Principal at McGeehan Design, McGeehan has a weekend getaway in Lake Geneva that is both sophisticated and comfortable. He graciously invited At The Lake magazine into his home for a photo shoot, which is featured in the summer 2016 issue. To see more of McGeehan’s work, please see his website.
My background was originally in antiques. I was trained at Sotheby’s in London and returned to New York to be an antiques dealer. I took a great deal of pleasure in creating very elaborate room settings when I did antique shows, and clients then starting asking me to design rooms for them. So I came to interior design unexpectedly. My initial projects were creating historic period rooms for collectors. Two of my first projects were a classical 1830s townhouse in Greenwich Village for one of Malcolm Forbes’ sons and an apartment in the Dakota that was high Victorian. Since then, there has been a massive shift in taste toward modernism and the 20th century, and my work has been led in that direction.
Every project is a new beginning, a new story.
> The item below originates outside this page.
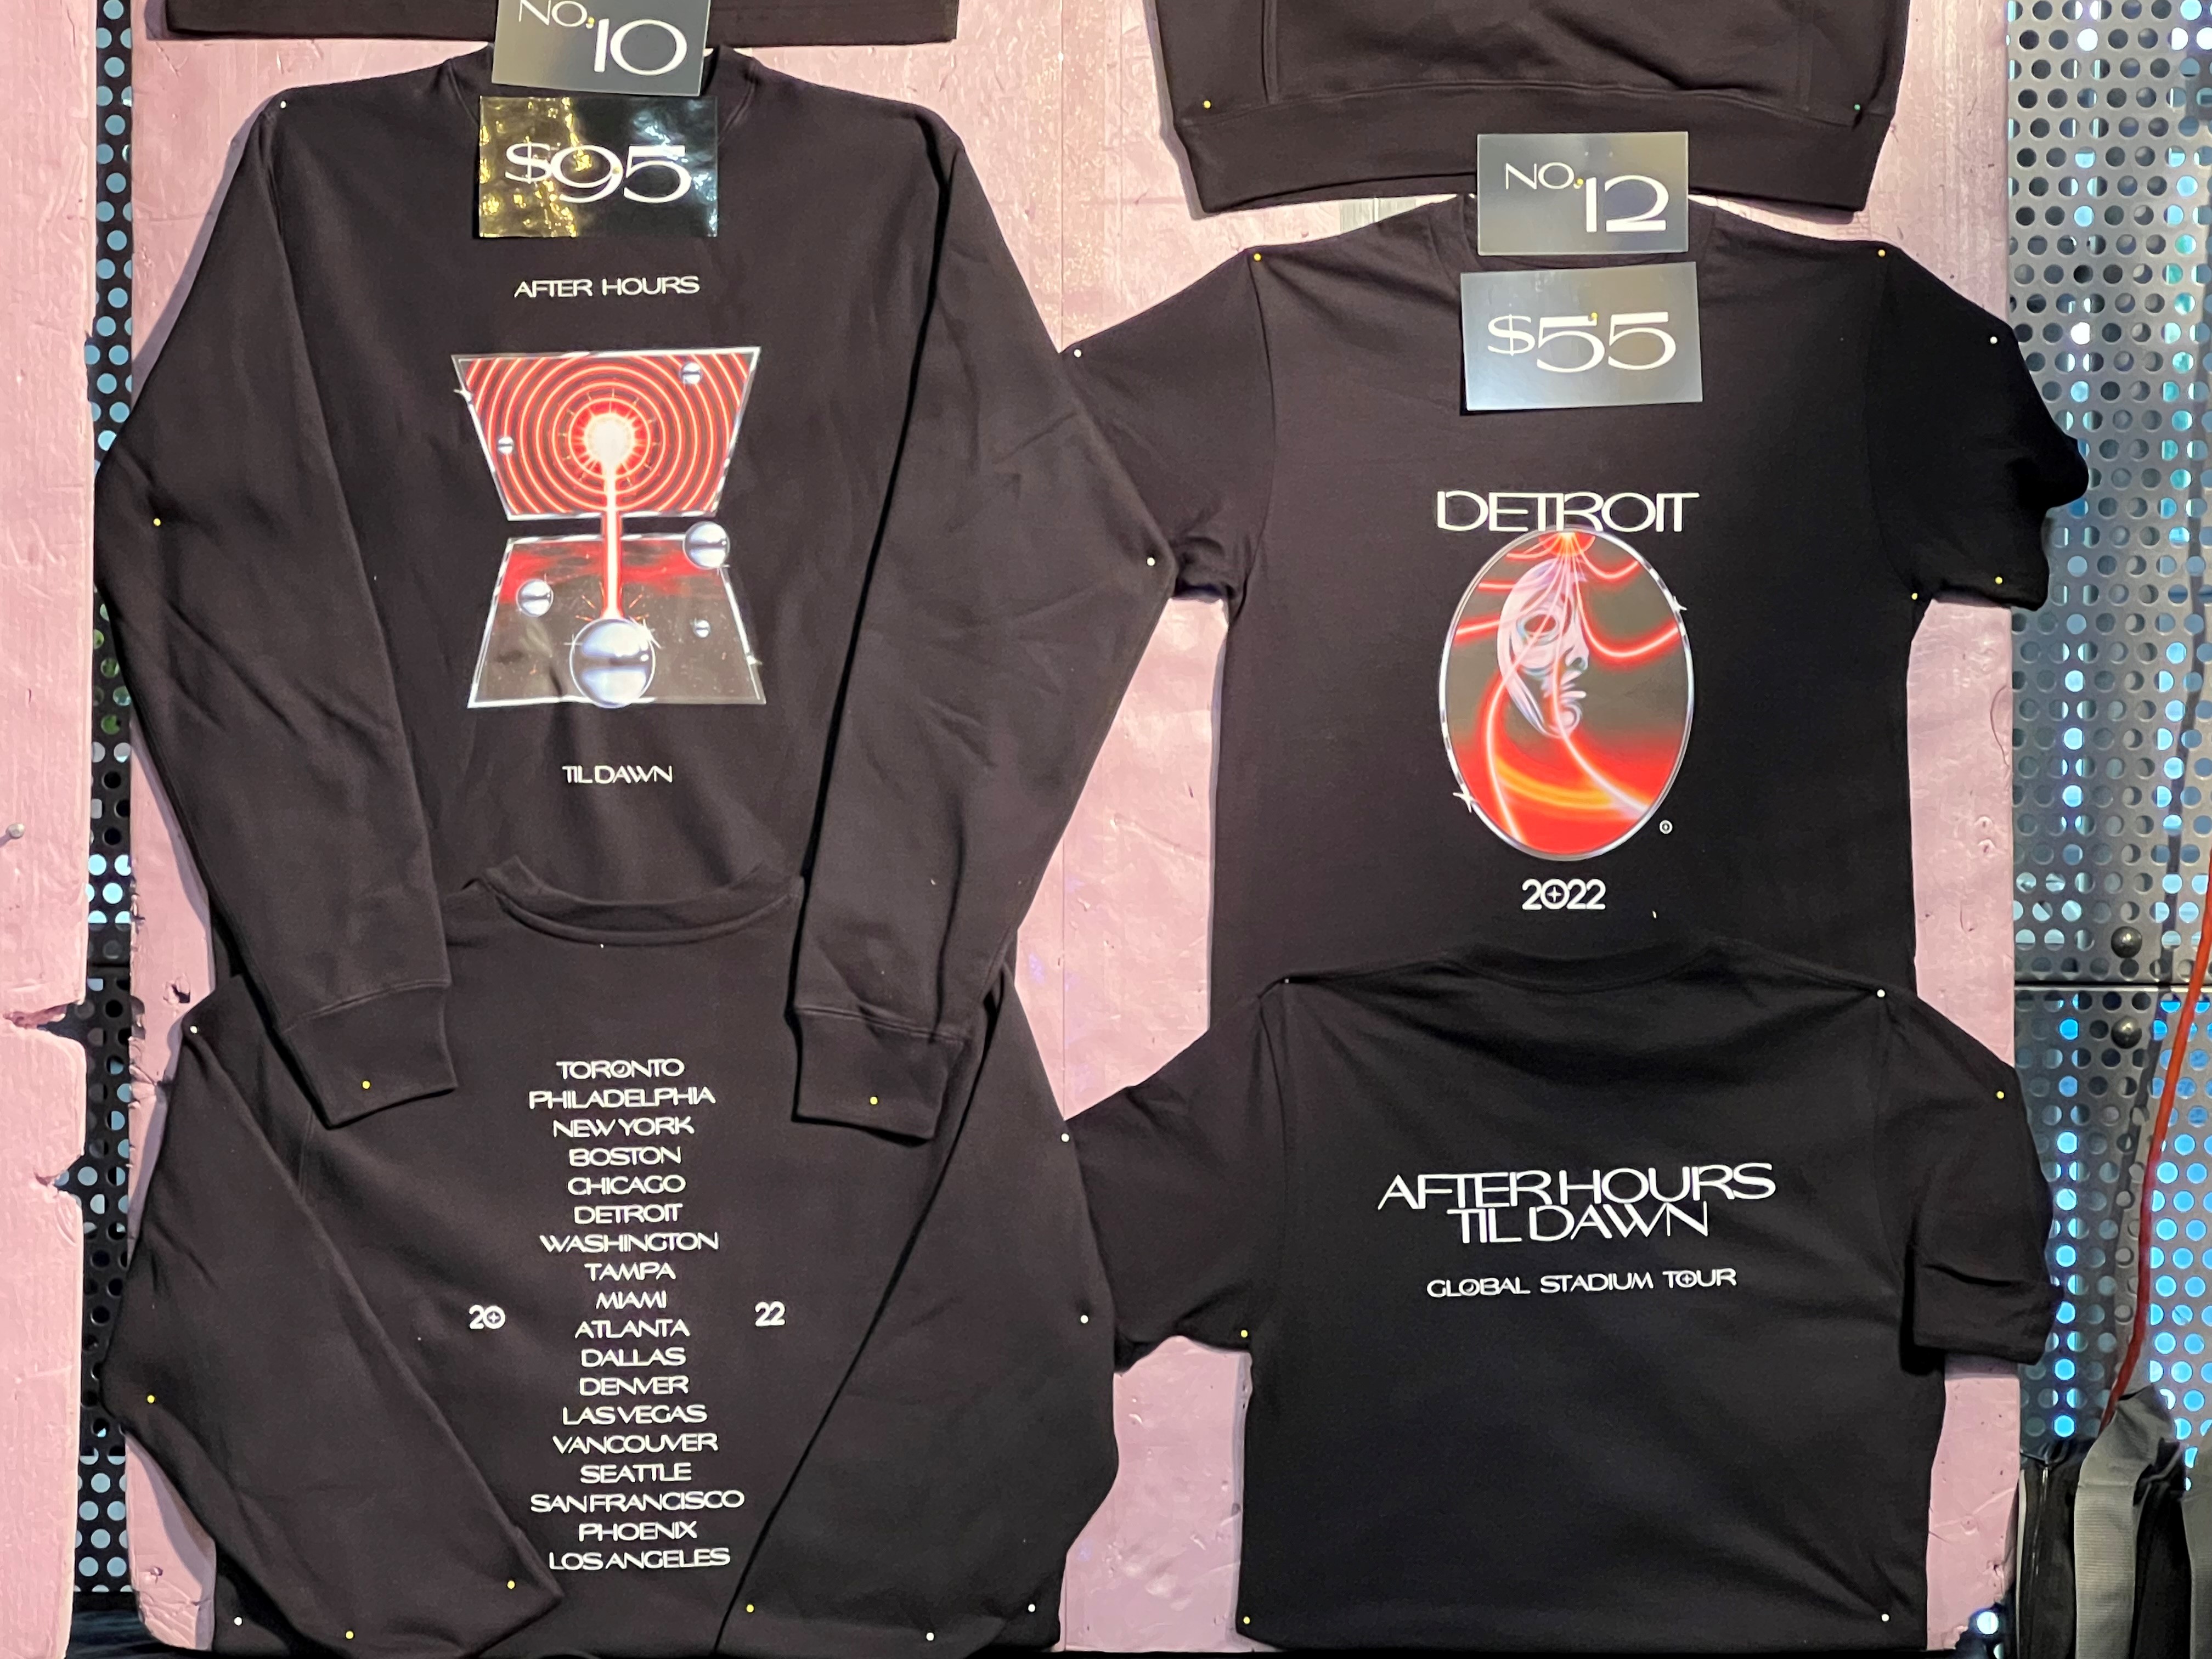 the after hours tour merch
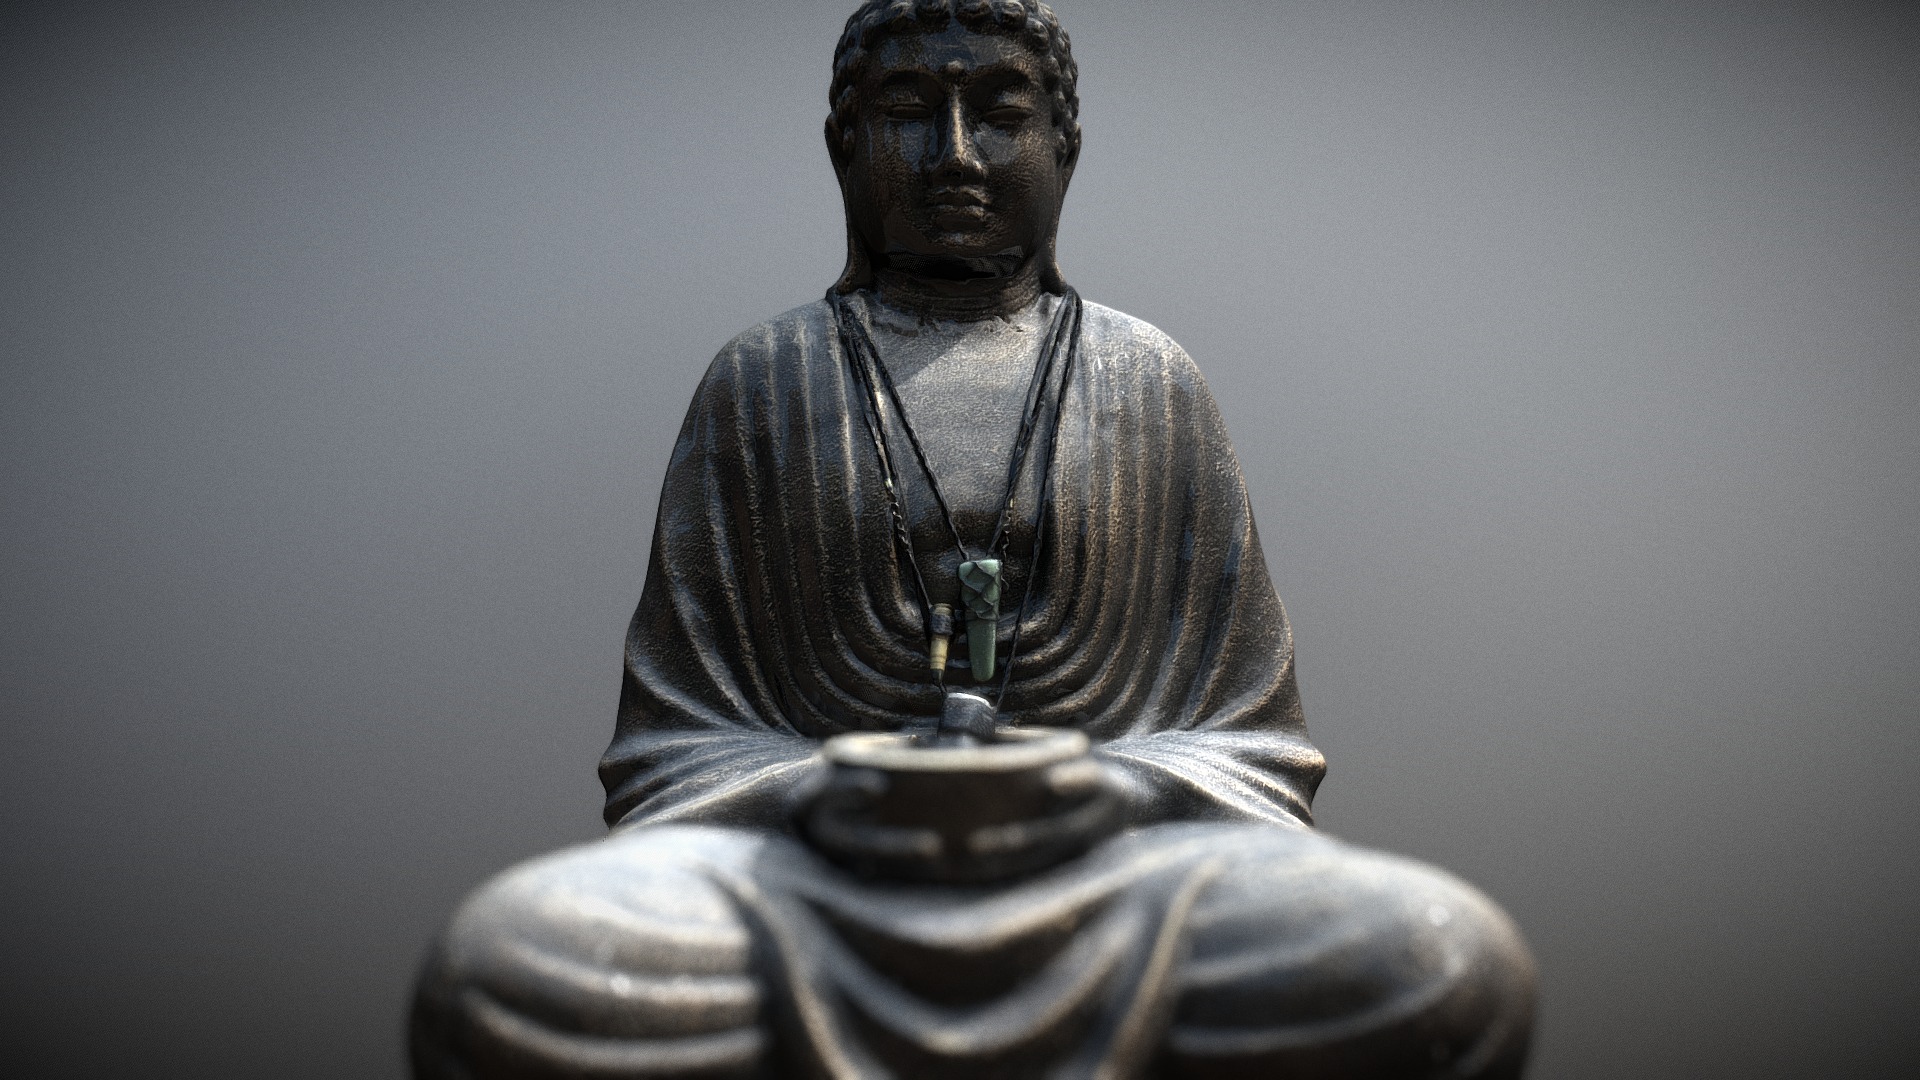 3D model Statue Buddha iPhone X - This is a 3D model of the Statue Buddha iPhone X. The 3D model is about a statue of a man.

There are several forces that come into play – the architecture of the house or apartment itself, the taste of the owner, the budget, and what strikes me as being interesting and chic and delightful given those particulars. The process is always a total collaboration. But in the end, it is a success if the owners feel that the new space expresses who they are better than any place they have ever lived – that is the goal. I personally like a mix of vintage and modern pieces – it creates a space that to me feels both fresh and intelligent.
Another question would be how would my choices for a lake house translate to a Chicago or New York apartment! I think it is interesting to bring some feeling of country to the city and vice versa – I personally like a country house that is relaxed and extremely comfortable but has an unexpected dose of high-style sophistication and style.
I wouldn’t say mistakes, but there are many commonly held assumptions that come to mind – that all ceilings need to be white, that every room needs to be a different color, that rooms with little natural light must have pale walls, that artwork must be hung all at eye level. Rooms are more interesting and exciting when some of the “rules” are broken, and that‘s often hard to do on one’s own without some professional advice and vision.
There is a lot of discussion and listening and intuition involved in the design process. Some clients have an expansive vocabulary when discussing furniture styles, etc., and some do not. But everyone can think about and describe how they would like to feel when they walk through the door. I also ask clients to look at various websites such as Pinterest and Houzz and pull images they are attracted to, whether it’s a color or a feeling or a particular piece of furniture they like. Then it’s my job to put it all together into a cohesive concept.
I think the pendulum may be swinging away from strict modernism and neutral colors. I will personally be happy to see more eclectic interiors with more color!
When I have some free time I like to look for the odd vintage piece at the Lake Geneva Antique Mall – I have found some wonderful things there for my house in Lake Geneva and for projects in other parts of the country.